Bird of Chaos: Book One of the Harpy's Curse
Page 17
My mother’s dismembered head floats over the banister above us. “I have put up with a lot from you Verne, but this time you go too far. I told you not to leave the palace and yet you spent the entire night at the temple. What am I supposed to think?”
“I told you, I got trapped by the storm.”
She ignores me and addresses her war-wit. “Nike, when she comes back from the Seawall you and Adamon are to guard the exit to her room. She is not to leave the palace again.”
My freedom is shrinking and I want to scream but I remain silent in my defiance. I wait until she has turned away then speak to Nike. “I think she has lost it.”
When he smiles, Nike’s teeth are big and white.
Passing through the gardens, the sound of running water and the willow leaves rustling against the riverbank soothe my anxious atrama. Ash from the fires in Minesend fills my nostrils and threatens to make me sneeze. There is a litter waiting and I step lightly up. The big war-wit walks beside me.

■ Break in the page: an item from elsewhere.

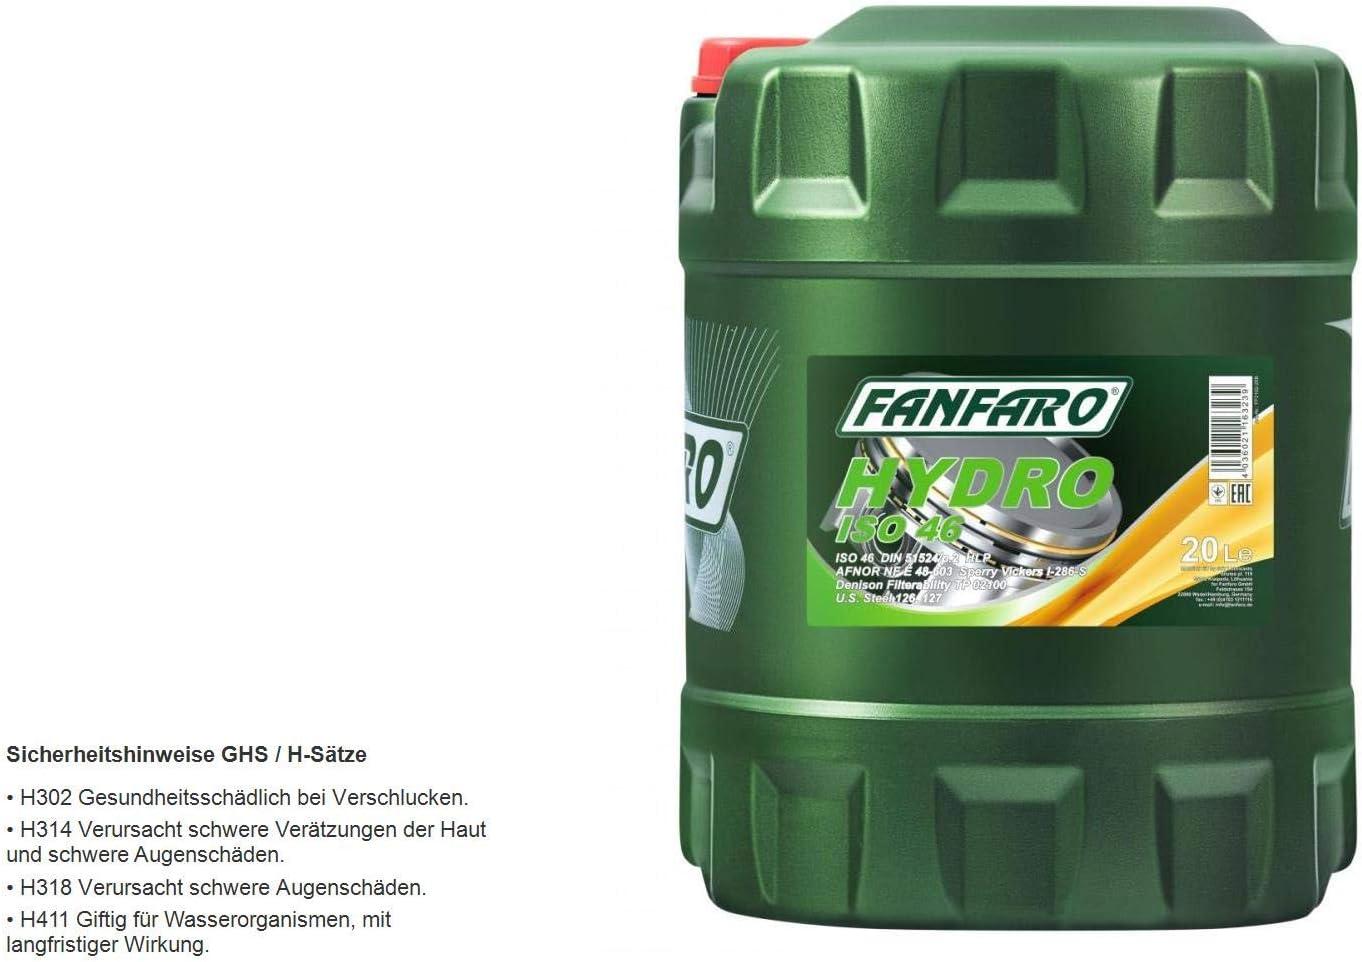 1 X 20 L Fanfaro Hydro Iso Vg 46 Hydraulic Oil Hlp Auto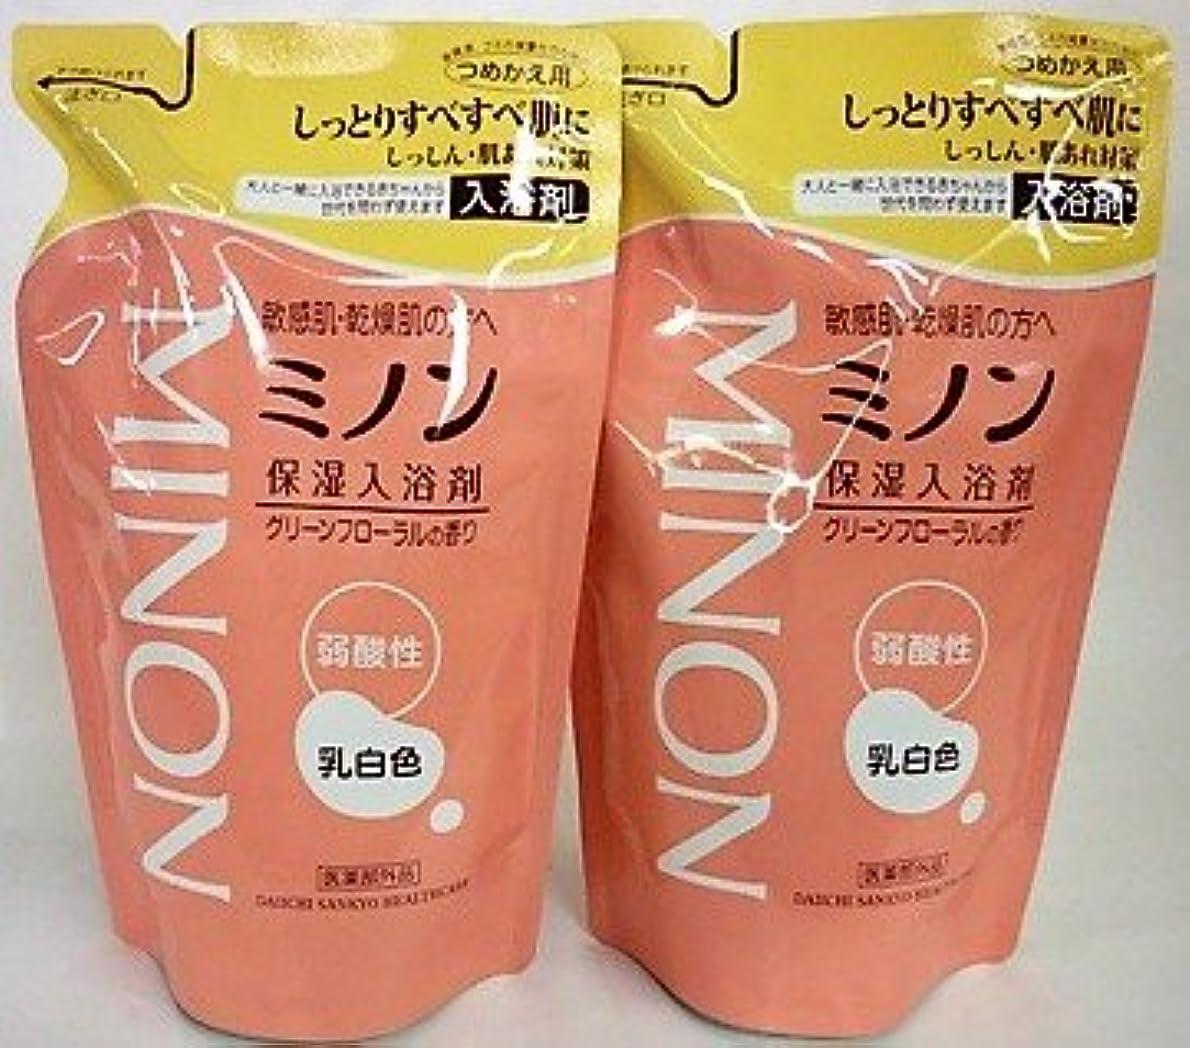 酒強調チャーター[2個セット]ミノン 薬用保湿入浴剤 詰替 400mL入り×2個

We exit the palace behind the apartments through the rarely-used East Gate which opens onto a narrow dirt road, rutted like a washboard. It leads to only two places: the killing fields, a mass grave for the executed, and the Seawall. I travel with my head lowered, lost in thought.
We stop at the base of the Seawall which rises up and up, perfectly straight and smooth. Around us the earth undulates, each hill covered in tufts of dry grass, each smooth valley all that remains of the corpses that have been covered over.
Nike uses a key to open a tiny iron gate in the Seawall and we pass through a long dark tunnel that drips with water. The ground is damp beneath our feet. Algae grows along the edges. We step out into the light and onto a stone platform. It is low tide and the ocean crashes at our feet. At high tide, water will cover the platform and make it half way up the tunnel.
We stand with our backs to the Seawall admiring the view. The blue ocean reaches out to a blue sky. The horizon is a perfectly straight line between our world and the next.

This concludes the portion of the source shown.